[[ DATASET EXCERPT, beginning ]]

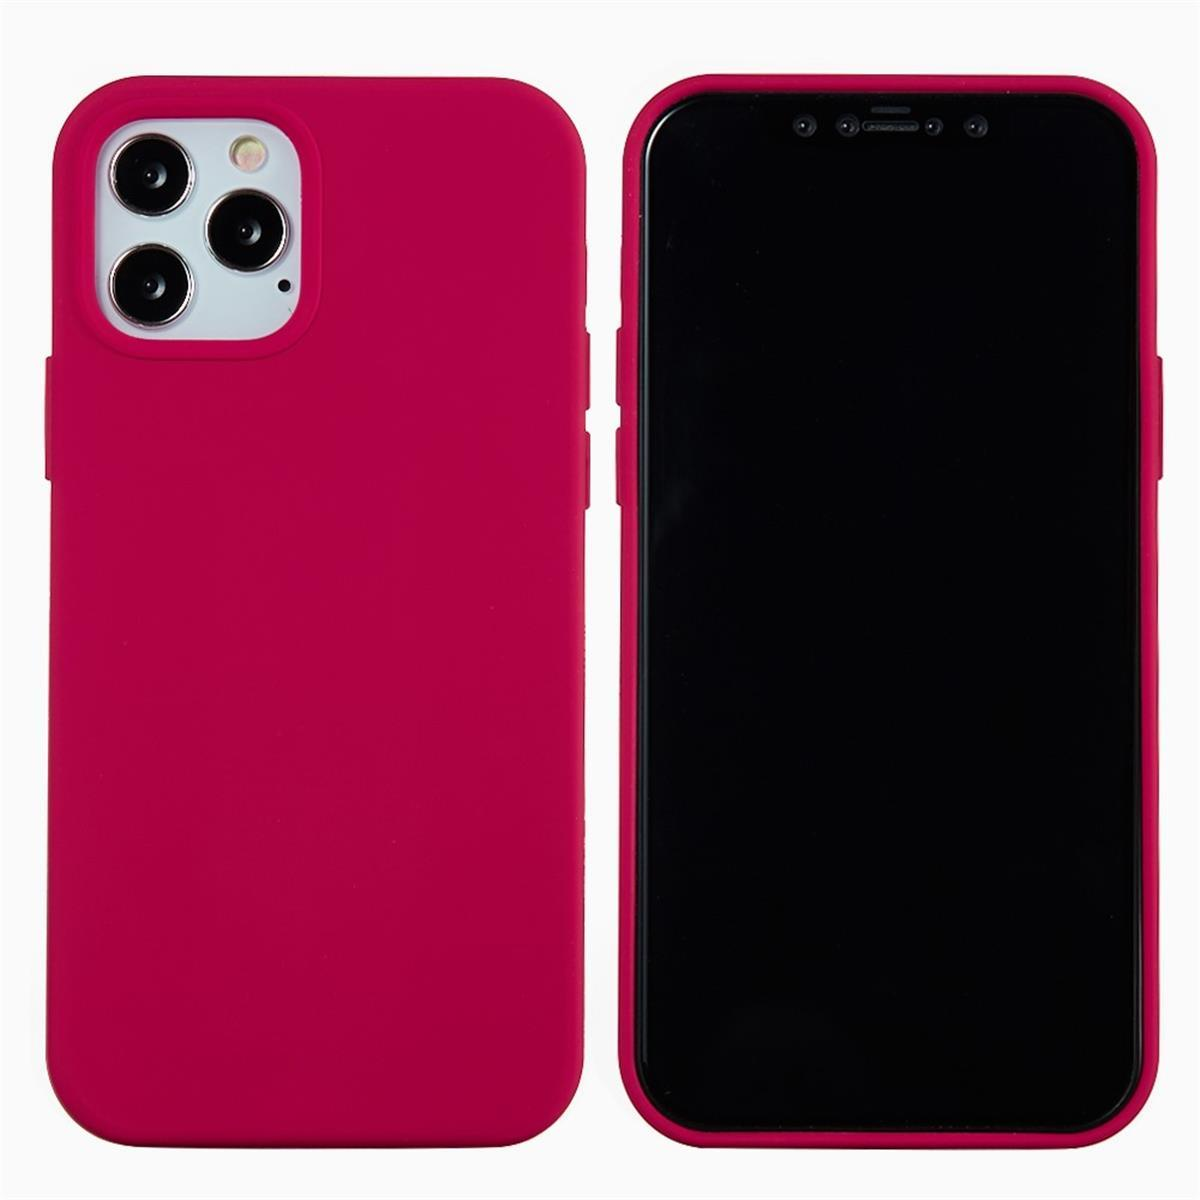 COVERKINGZ Handycase aus Silikon, Rot Zoll], [6,7 13 iPhone Apple, Pro Max Backcover
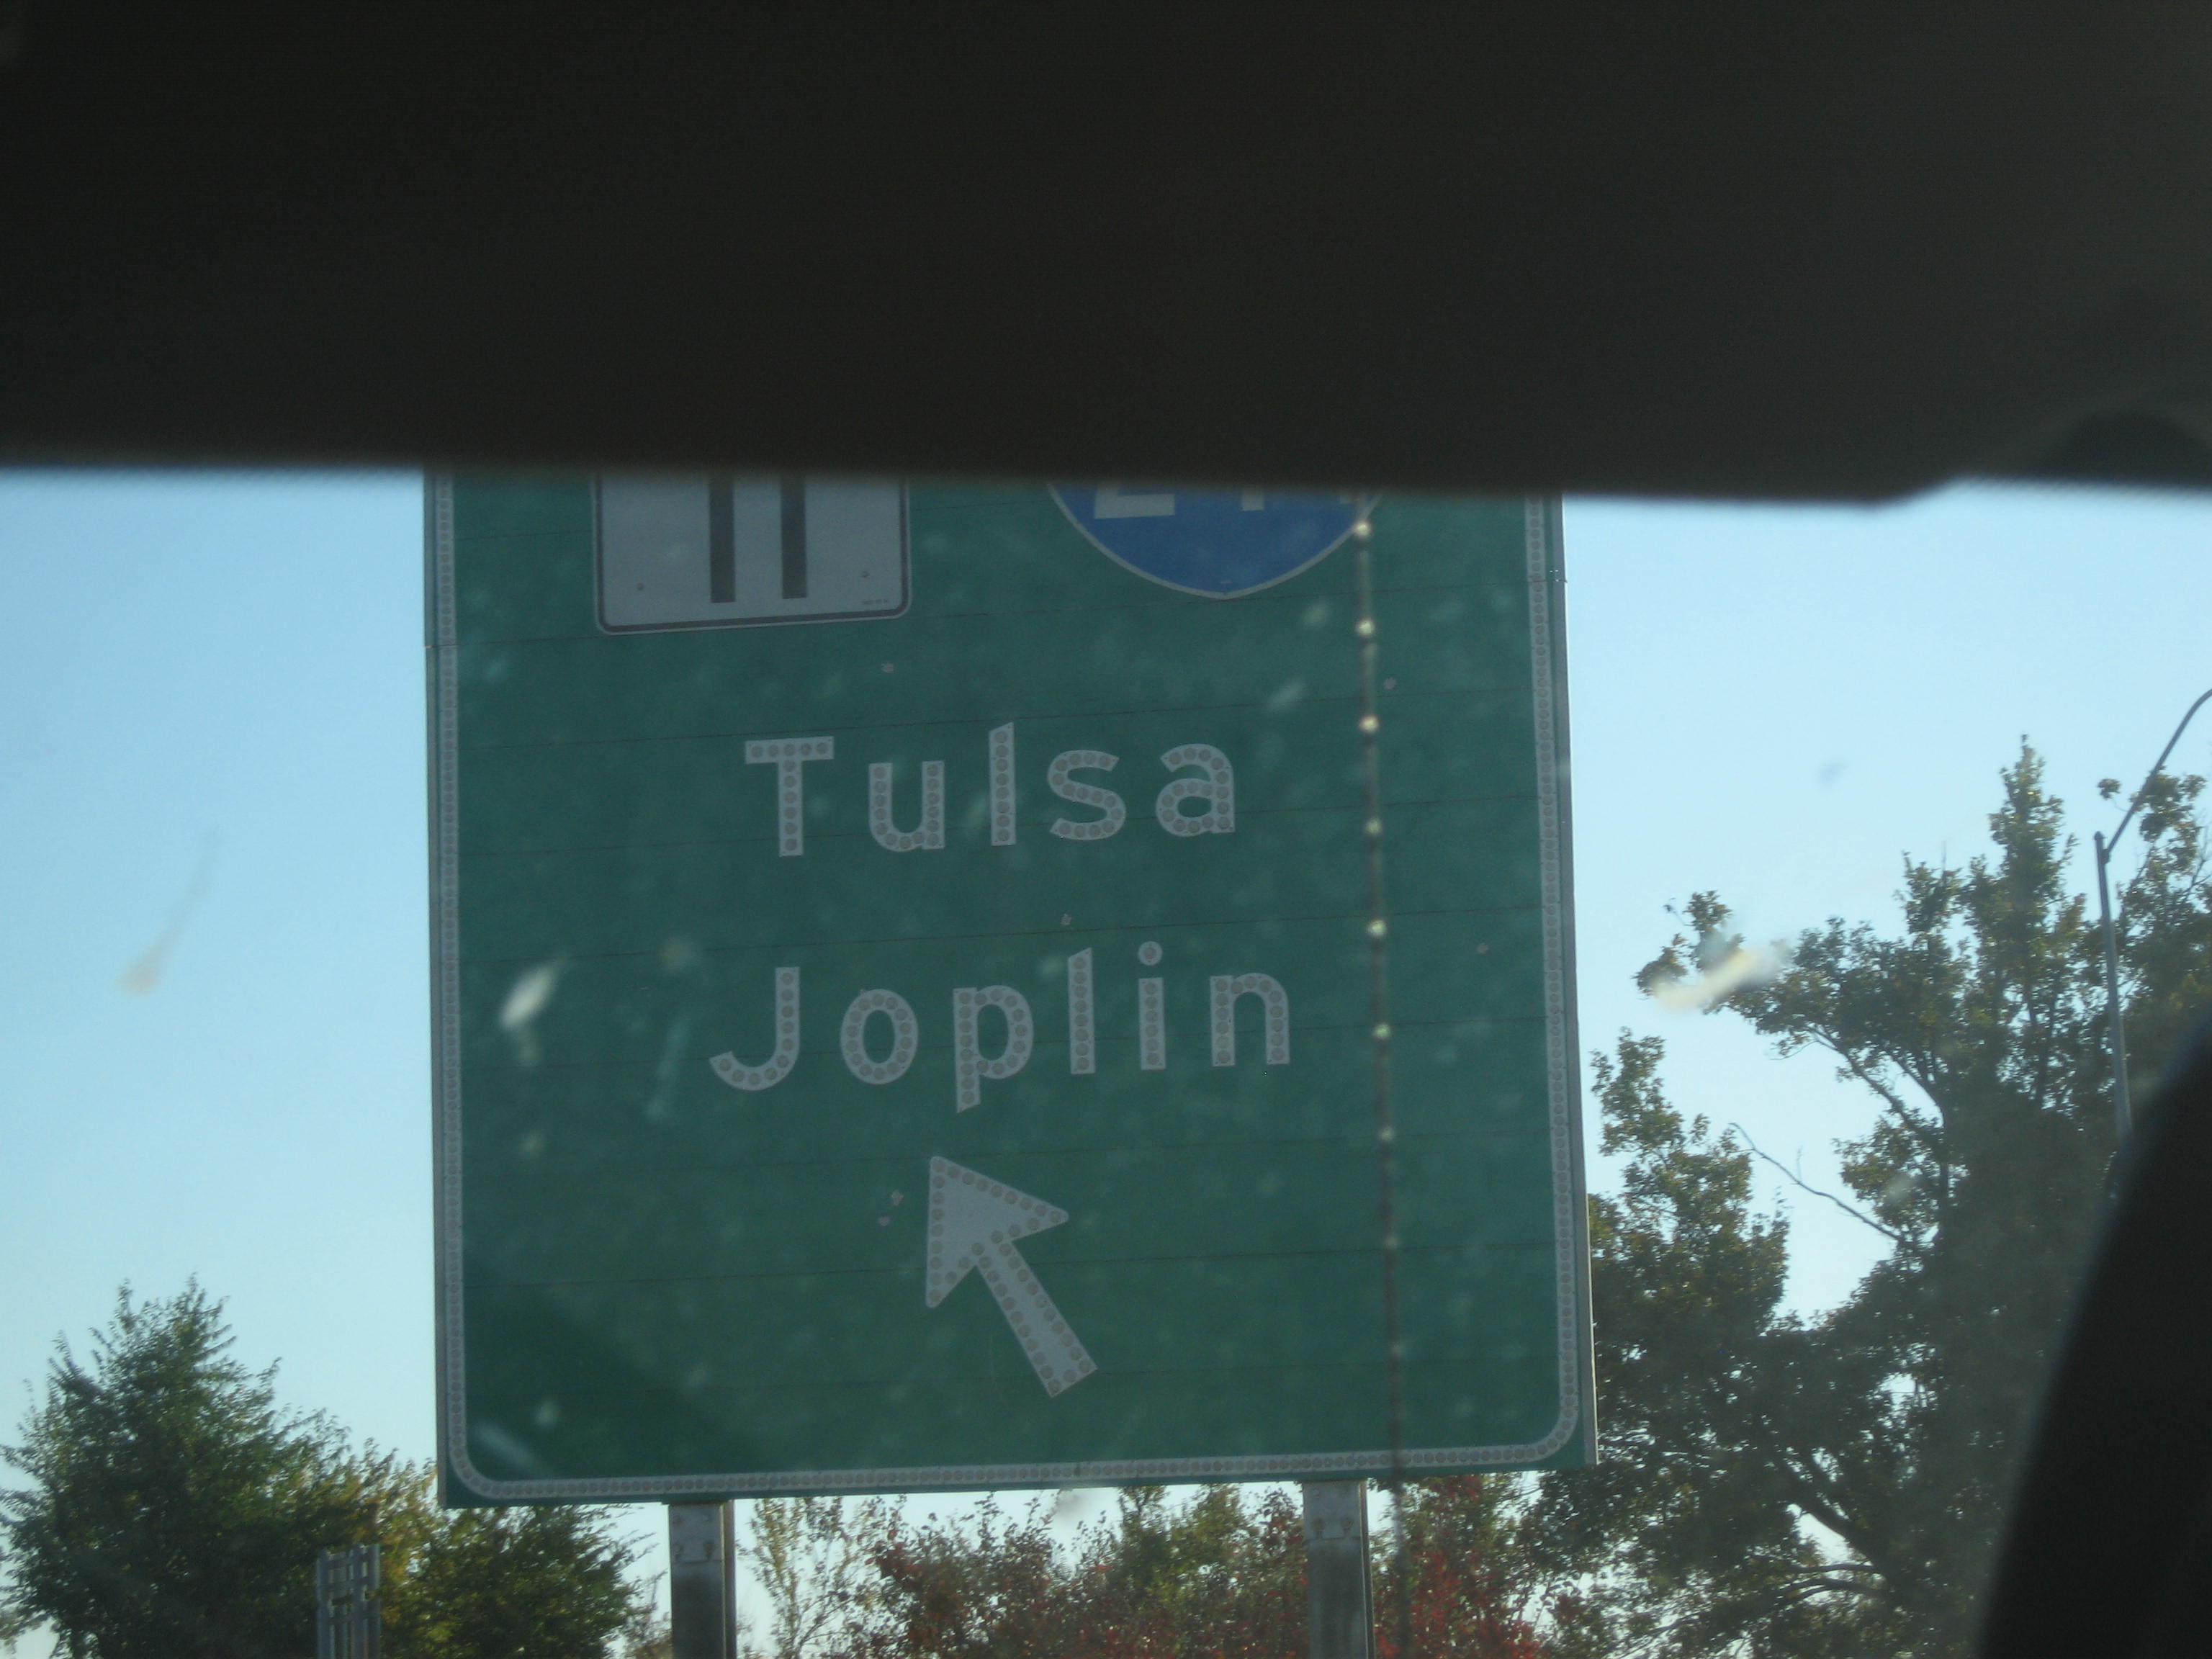 Tulsa, the 2nd largest city in Oklahoma
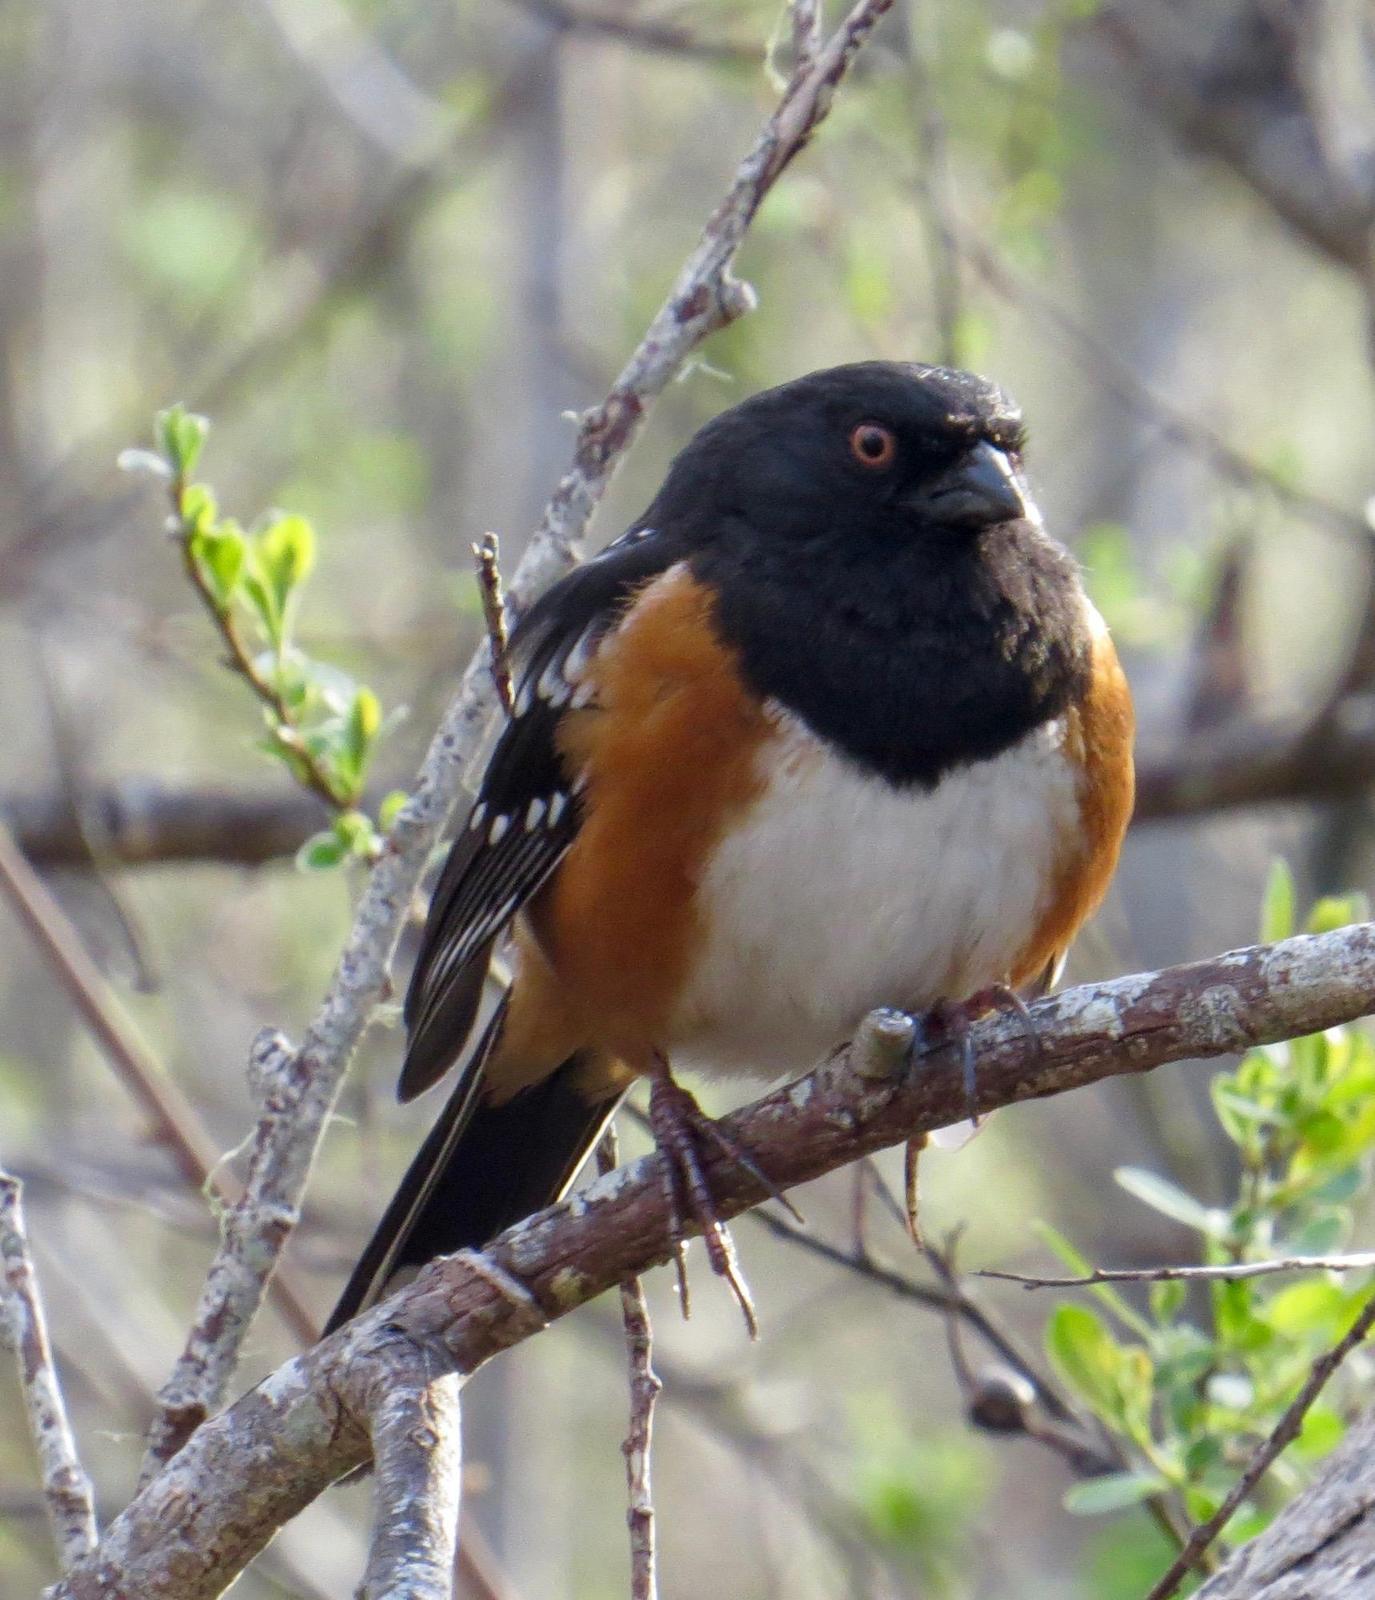 Spotted Towhee (oregonus Group) Photo by Don Glasco

[[ DATASET EXCERPT, end ]]

REQUIRED WORK
The listing above must be given again exactly, minus its pictures.

RESULT BELOW
 COVERKINGZ Handycase aus Silikon, Rot Zoll], [6,7 13 iPhone Apple, Pro Max Backcover
 Tulsa, the 2nd largest city in Oklahoma
 Spotted Towhee (oregonus Group) Photo by Don Glasco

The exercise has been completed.